If we are honest, most of our kids will believe in most of the things we tell them. So while I am thankful for each child that puts faith in Jesus, as I did at the very young age of 4, and know the Holy Spirit can grow this belief into something more, I’m not very impressed by it anymore.
Even the song “Jesus Loves Me” doesn’t really point us to Jesus loving me. Jesus loves me, this I know, for the Bible tells me so. Why can’t Jesus tell me so? I have to first believe the Bible, then I can believe that Jesus loves me. If Jesus is resurrected, living, and real, couldn’t he tell me this himself? This is like saying, “Your spouse loves you, the marriage covenant you signed on your wedding day tells you so. Go read it to find this out.” I think there’s a more direct way I could get this information, don’t you?
Beliefs can be stumped. Your child may go off to college or grad school and learn an archeological or scientific bomb that shatters their belief in the Bible. I have seen it time and time again with friends of mine who grew up in the church and are no longer Christians. Taking your kids to a Christian museum where Adam and Eve ride on dinosaurs isn’t going to prevent this or fix it when it happens.
Love can’t be stumped. Bomb it all you want, it still stands. This is because love is experienced. Not only do I teach my kids to love Jesus, I teach them to experience his love for them. My audacious belief that Jesus is real and alive and loves me is based on my experience of meeting him. Of him loving me, forgiving me, walking with me, and seeing him do the same with countless others who follow him that I am in community with.
I don’t need to defend Jesus. He’s alive. I just need to introduce him to others and let him do the rest.
I pray with each of my kids every night. I thank Jesus for dying on the cross for our sins and raising from the dead. I thank him that his love is the best thing in the world and that we get to have it. I pray for my child by name that they will love Jesus their whole lives. My silent prayer is that when the bombs come, and they will come, that their love for Jesus will remain because they have experienced the reality of his love for them.

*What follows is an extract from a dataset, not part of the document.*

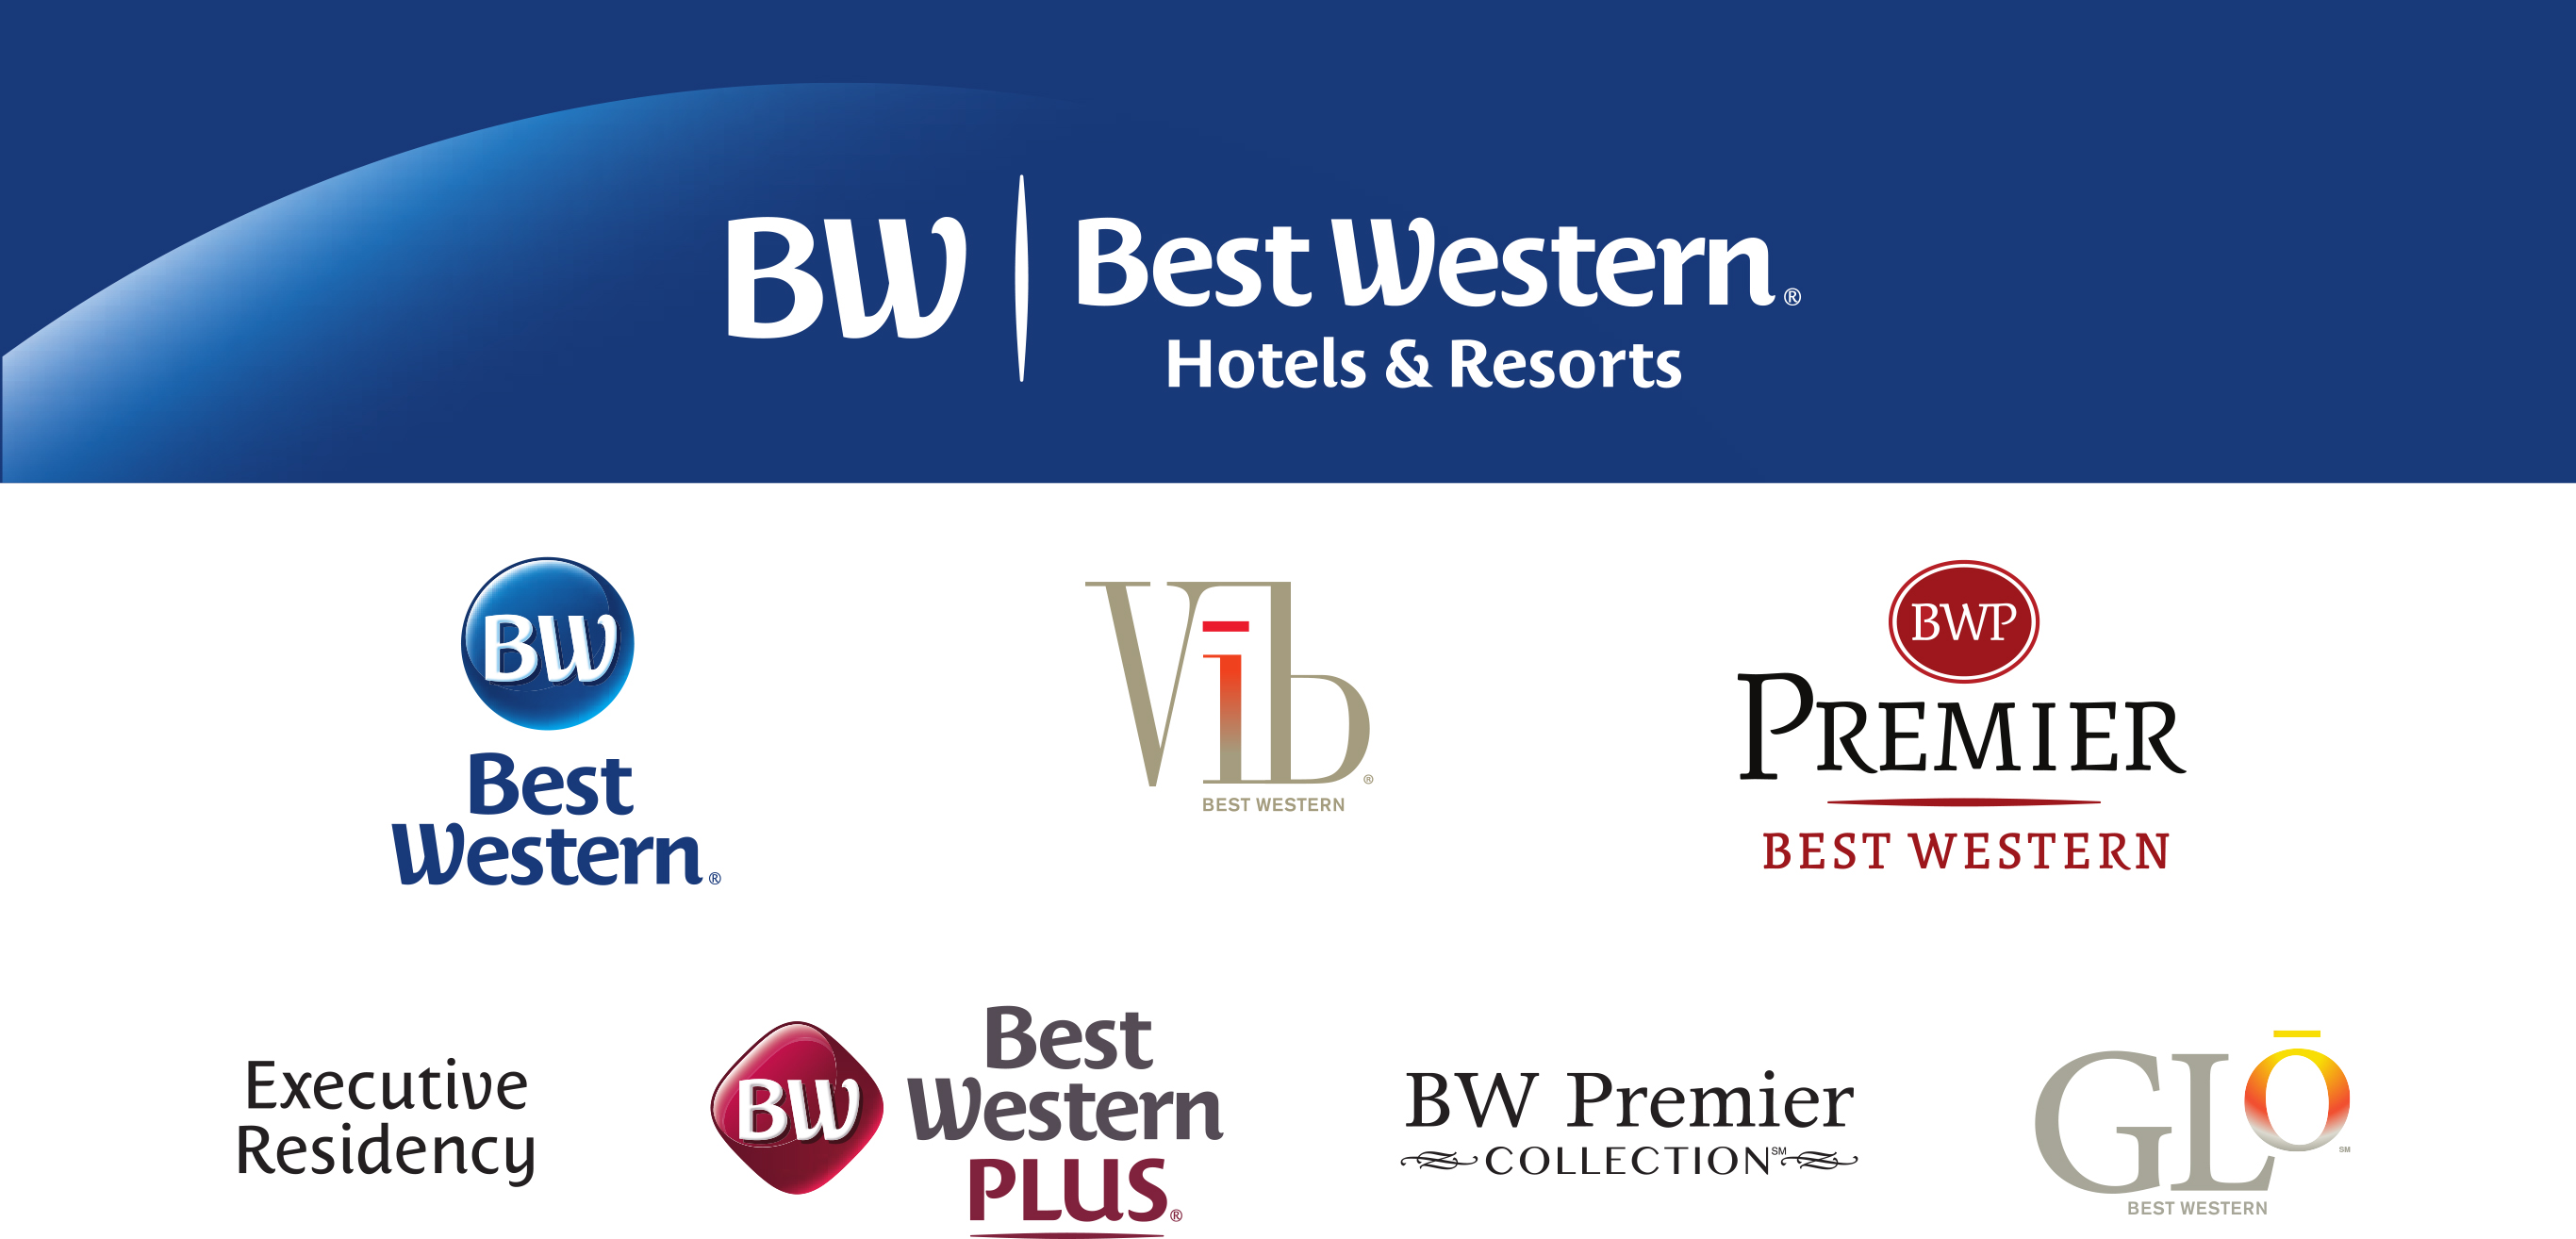 Here are the logos for all seven brands of Best Western — including the new Glo brand. Click on the graphic for a larger view of the logos. Source: Best Western Hotels & Resorts.

Don’t get me wrong, belief matters. I know that in Acts 16:30 the jailer asks Paul and Silas what he must do to be saved and they reply in verse 31, “Believe in the Lord Jesus, and you will be saved.” I also know that James 2:19 tells us, “You believe that there is one God. Good! Even the demons believe that—and shudder.” If you love Jesus, it mandates certain theology about him. But if all you have is the theology, best of luck to you.
You can believe and love, like the jailer. But you can certainly believe and not love, like the demons. What you can’t do is love and not believe. You’re not choosing between love and belief. When you choose love, you get them both.
My desire to study Scripture and theology is to know more and more about this person named Jesus that I love and who loves me. It’s not the other way around. Who wouldn’t want to know more about a person that they love deeply?
Are you teaching your kids factoids about an ancient man named Jesus? Factoids that may or may not stand up to the future bombing they will endure. Or are you introducing them to a person who loves them so deeply, longs to adopt them into his family, and is there for them every step of the way, even through the bombings of their beliefs.